During a bank robbery in Oslo, a lone robber holds a teller hostage and threatens to kill her unless the ATM is emptied within 25 seconds before the police can arrive. When the transfer takes 31 seconds, the robber executes the hostage and flees. The case goes unsolved until a police video evidence expert, Beate Lnn, surmises from the footage that the robber and the hostage knew each other. Lnn and Inspector Harry Hole are assigned to the murder investigation. Further robberies occur in the same way, but the hostages meet the robber's specified time limit and are spared.

While Hole's girlfriend Rakel and her son Oleg are in Moscow, Hole is invited to dinner with an old girlfriend named Anna Bethsen, a flamboyant painter. The following morning, Hole awakens in his own apartment with a hangover and no memory of the night before. Later that day, Anna is found dead of an apparent suicide. Seeing that the gun is not in the right hand, Hole believes that Anna was murdered and that the scene was staged. A photograph found near her body suggests the involvement of a rich businessman who may have been Anna's lover. Hole conceals evidence of his presence in Anna's flat, unable to prove that he himself is not the killer, and believing that he is being set up for the crime.

Learning that Anna was Romani, Hole enlists the help of her uncle, an imprisoned bank robber named Raskol, to get his insight into the robberies in exchange for solving Anna's killing. Hole receives illegal payments from Raskol to fund the investigation. Further evidence, on top of Raskol's suggestions, send Hole and Lnn to find a robbery suspect hiding in Brazil, only to find him hanging from a beam in his home. Back home, Hole receives e-mails from Anna's killer, signed "S2MN". Following the murder of Anna's wealthy former lover at the hands of Raskol's henchmen, Detective Inspector Tom Waaler, Hole's adversary, learns of Hole's visit to Anna, leading to Hole finding himself on the run.

Hole forwards the incriminating e-mails to Lnn as evidence of his innocence. However, forensics determines that the e-mails were sent on time-delay by a modem connected to Hole's missing mobile phone. After Hole uncovers another of Anna's former lovers who could be responsible for both her death and the robberies, Waaler goes after the new suspect to arrest him.

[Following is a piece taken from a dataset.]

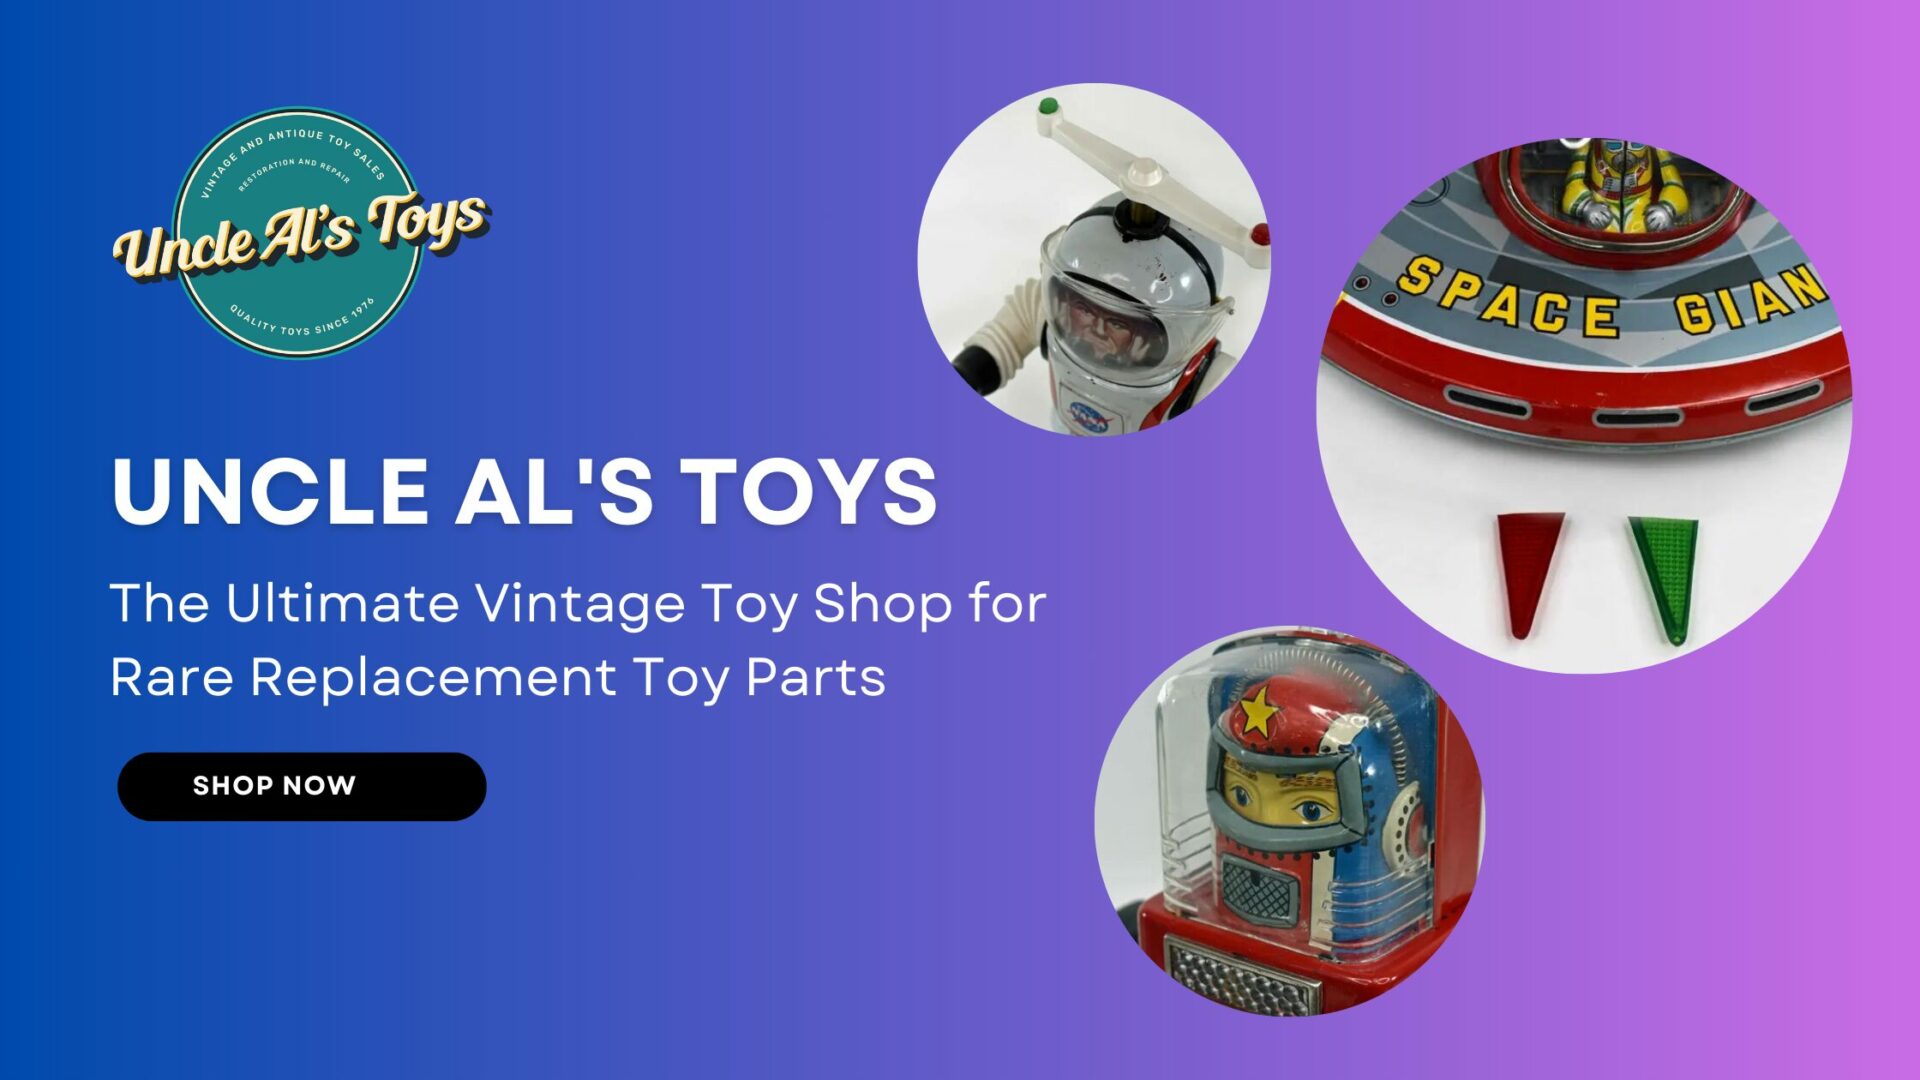 Vintage Toy Shop for Rare Replacement Toy Parts

However, Waaler, who is revealed to be the arms dealer known as 'The Prince' from the previous novel, kills the suspect on the grounds of 'resisting arrest' to prevent his connection to the arms smuggling ring being uncovered. Hole deciphers the e-mail signature and finds that it stands for "Nemesis," the name of Anna's planned art show and the ancient Greek goddess of retribution. Hole's "hangover" is proven by forensics to be the effects of being drugged. Anna's death was an intricate suicide, which she had plotted to confuse and convict Hole and two other former lovers, all of whom had abandoned her.

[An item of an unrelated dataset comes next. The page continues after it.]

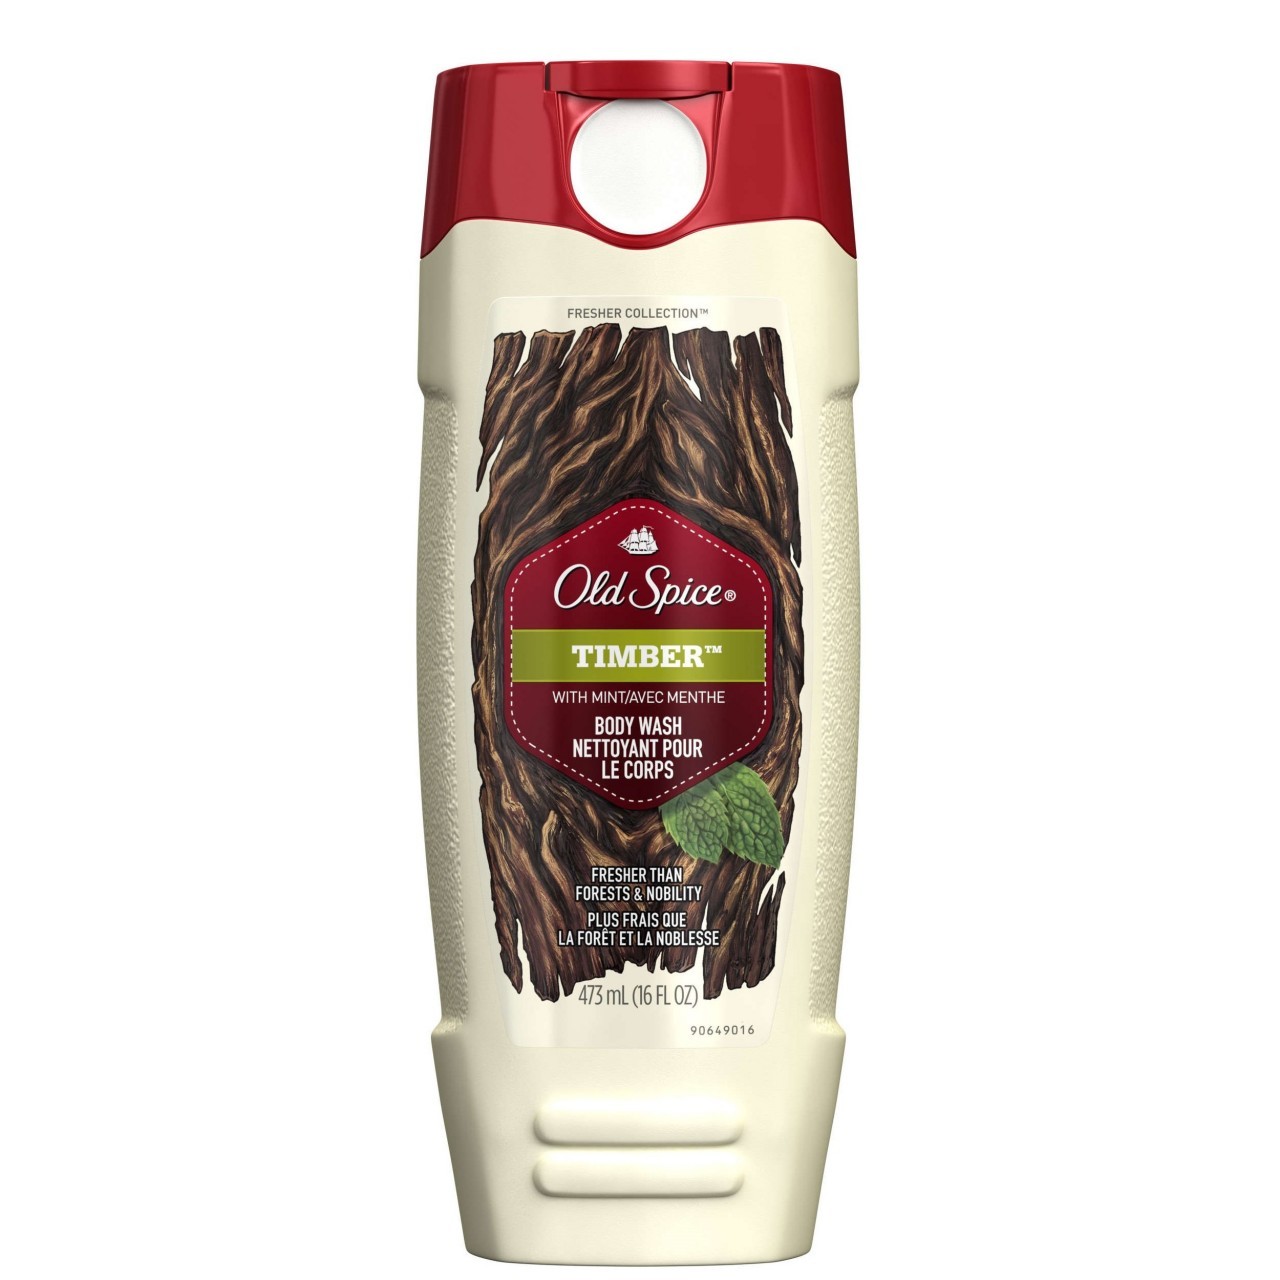 OLD SPICE BODY WASH TIMBER 16oz

Following Hole's exoneration for Anna's death, he and Lnn deduce that the robber is the widowed husband of the first robbery's murder victim, and that he killed his wife following her decision to leave him and elope with his older brother, who was the first suspect that had been found dead in Brazil. Following a dangerous confrontation in which Harry is wounded and Lnn is almost killed, the perpetrator is finally apprehended. Thanks to Raskol's contacts, Rakel wins custody of Oleg and returns to Norway with him. With the closure of the cases Harry has discovered a new witness in the murder of his former colleague, Ellen Gjelten. The witness may have seen Ellen's murderer with the Prince. Hole shows the witness a picture of who he now suspects the Prince to be: Tom Waaler.

Translation



As with other Harry Hole novels, the novel was translated from Norwegian into English by Don Bartlett.